China National Offshore Oil Company (CNOOC) has announced that it will resuscitate its failed IPO plans and go to market in the first quarter of next year. The company will structure its IPO similarly to its previous attempt with new shares equal to 25% of the enlarged share capital being offered to the public. This time, however, the Chinese government will seek to sell some of its shares in the company alongside the new share issue. It is unclear at this stage how large the government's portion of the sale will be.
Speaking at a press briefing to announce CNOOC's 2000 first half results, Chengyu Fu, chief operating officer, confirmed that the IPO would be going ahead next year and not this year, as the IPO market was already too crowded with other Chinese offerings. These include billion dollar offering for Baoshan Iron and Steel, and Sinopec. In addition, Fu neither confirmed nor denied reports that Merrill Lynch has been awarded the underwriting mandate, which was previously held by Salomon Smith Barney. "Merrill Lynch is helping us prepare all the work for the IPO," he said. "We will determine who the underwriters will be some time in the third quarter."
Failure, success
CNOOC's previous attempt to launch its IPO ended in failure last November when the company and its underwriters fell foul of a falling market and general disinterest in old economy oil stocks. However, since then, CNOOC has raised some $460 million through the private placement of shares to strategic investors, such as Hutchison Whampoa, Hongkong Electric, AIA Group companies, CDC Capital Partners, General Enterprise Management Services and the Government of Singapore Investment Corporation.

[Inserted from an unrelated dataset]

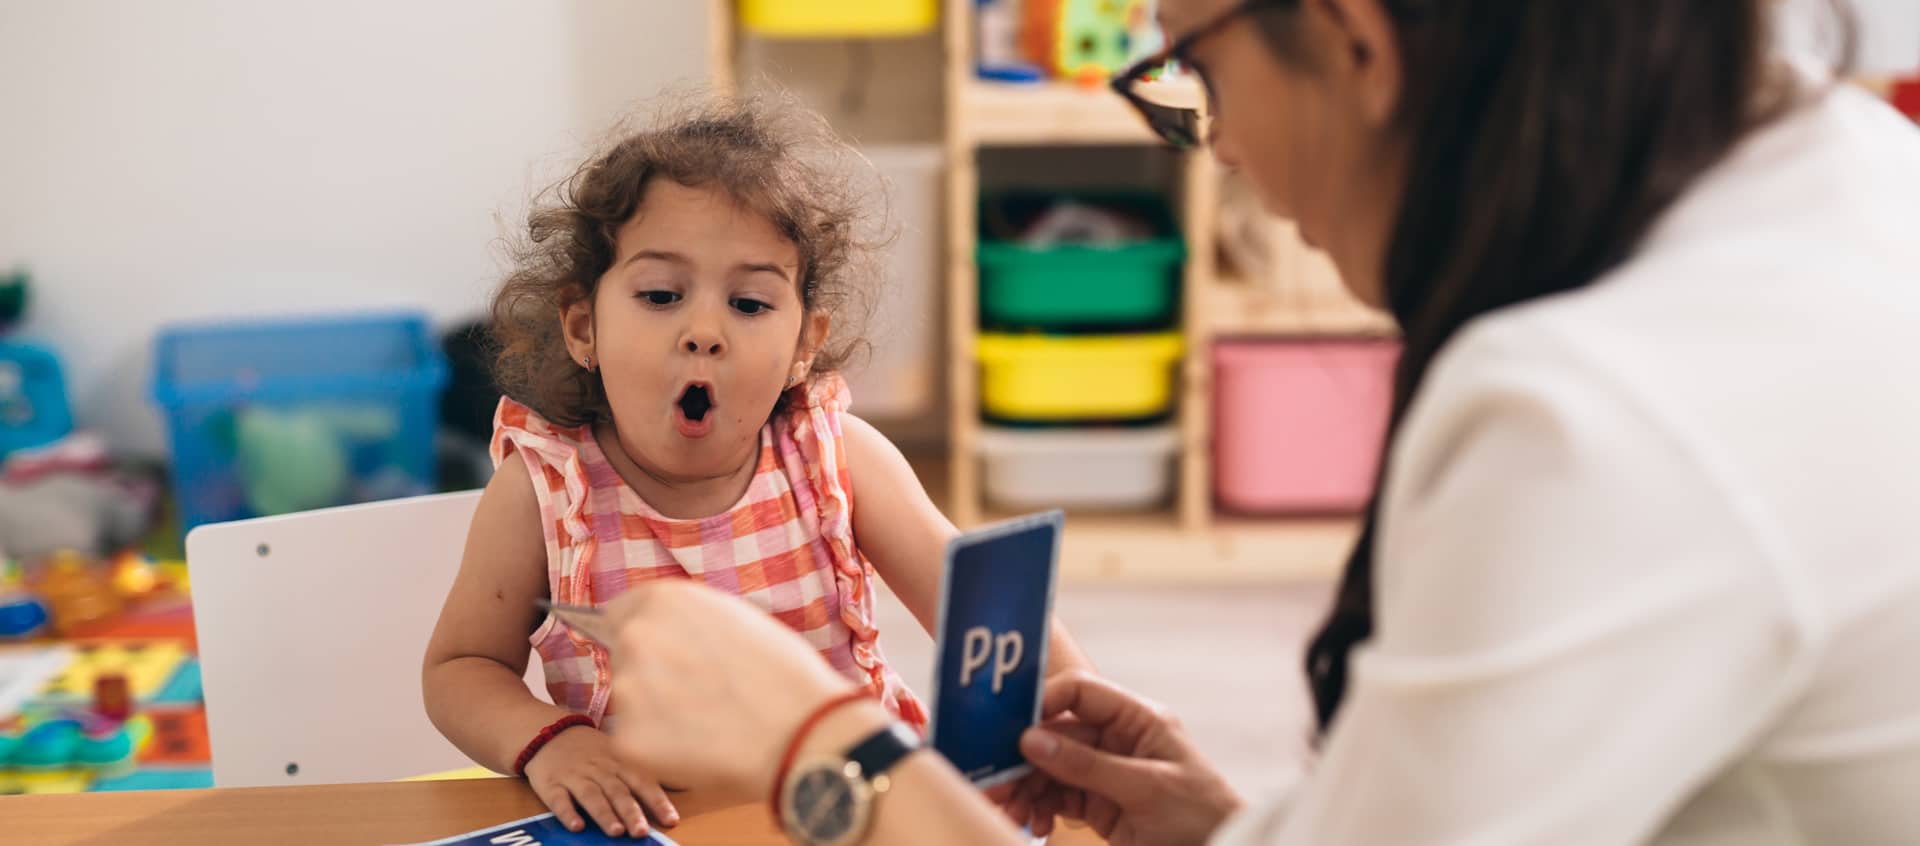 Speech therapy for kids

Those investors now own an undetermined stake in a company that announced a 205% increase in profits in the first half of 2000 over the first half of 1999. This spectacular rise in profits is a result of high global oil prices, increased production by CNOOC and severe cost cutting by the company. "With these on going operational and strategic developments and our careful preparation for listing, we are confident that we will proceed with our IPO in Hong Kong and New York in the first quarter 2001," said Fu. He further predicted that profit growth for the rest of 2000 and 2001 would continue its meteoric rise even if oil prices slipped to $22, saying that it would be "in the region" of the 200% mark achieved this year.
Further developments announced by the company include an increased focus on investor relations (IR) with the establishment of a permanent IR department in the company. Since the completion of the private placement to strategic investors, two seats on the board are reserved for members of the strategic investor group. CNOOC has also announced plans to seek professional management of its huge pension exposure. Chief operating officer Fu confirmed that the company is seeking to establish a lump-sum system for its pensions liabilities rather than the government preferred annuity system.